Closed Bug 59246 Opened 24 years ago Closed 24 years ago

Segfault/dangling pointer after registering JS nsIWebProgressListener

Categories

(SeaMonkey :: UI Design, defect, P3)

x86
Linux
defect

Tracking

(Not tracked)

VERIFIED WORKSFORME
mozilla0.9

People

(Reporter: jag+mozbugs, Assigned: paulkchen)

References

Details

Attachments

(4 files)

I created a JS object in mini-nav.js which implements nsIWebProgressListener.

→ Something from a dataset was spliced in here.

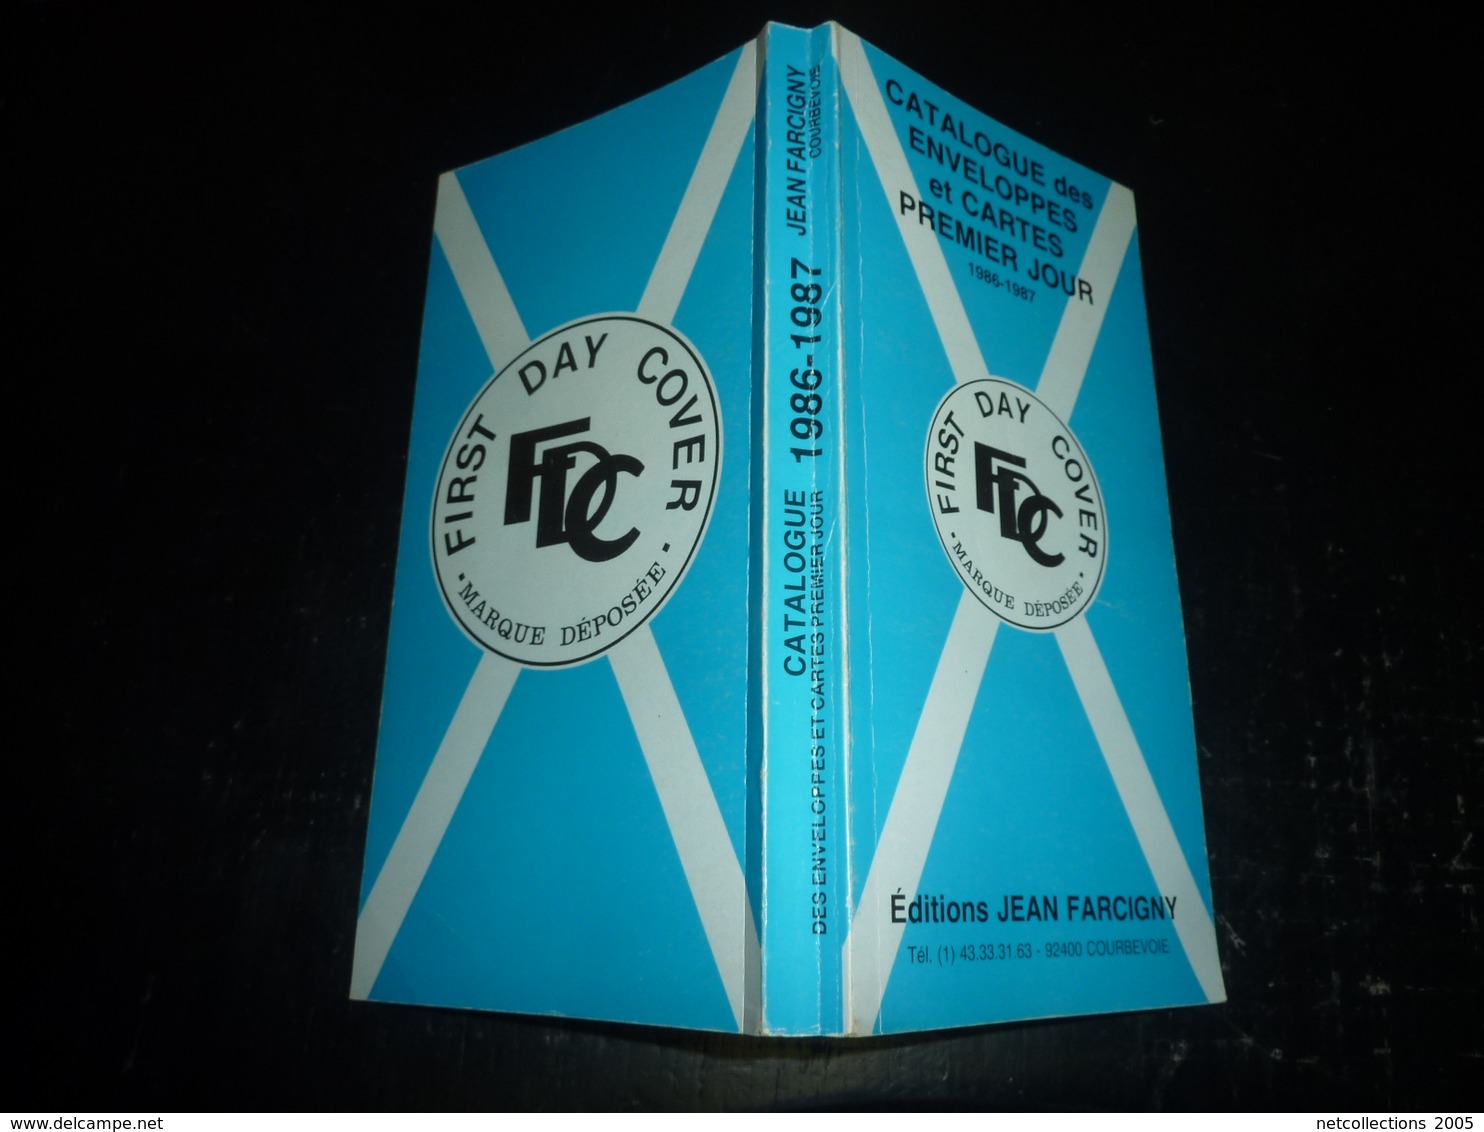 CATALOGUE DES ENVELOPPES ET CARTES PREMIER JOUR 1986-1987 FIRST DAY COVER EDITIONS JEAN FARCIGNY - Thématiques

If I register this object with the DocShell's DocLoader, I segfault at browser
launch (-chrome chrome://embed/content/mini-nav.xul).

Sometimes it gets through that and actually displays a mini navigator, but if I
press reload or type an URL + <enter>, it segfaults after an assertion:
ASSERTION: bad param: 'p', file xpcwrappednative.cpp, line 442

Side-note: instead of a segfault I sometimes get "illegal instruction".

I've added |NS_WARNING|s in nsDocLoader and |dump|s in my js implementation
object and it happens somewhere between the |NS_WARNING| just before the
|listener->OnStatusChange(...)| call to my js object in |FireOnStatusChange|,
and the dump at the beginning of |onStatusChange|.

I'll attach mini-nav.xul and mini-nav.js.
jag, when you get this narrowed down a bit, let's figure out who should get this
bug.
bill, could you take a look at what's going on here?

assigning to law per don.
Assignee: don → law
OK; can I use a branch build or is the problem limited to the trunk?  Probably
doesn't matter, I'd guess.
I'm suspecting it doesn't matter. I've only tried trunk so far though.
I'm not getting this crash on today's trunk build with the attached files
I suck.

Sorry guys. I commented out the statement causing the crashing in the file I
uploaded. In mini-nav.js, look for: 
    //webProgress.addProgressListener(webProgressListener);

Uncomment that line. Damn, I suck.
How do I set it up so that chrome: url works?  I tried replacing those files in
mozilla\embedding\browser\chrome\content but all I get is lots of "Chrome
Registration:" messages and no windows open (the splash screen is left standing).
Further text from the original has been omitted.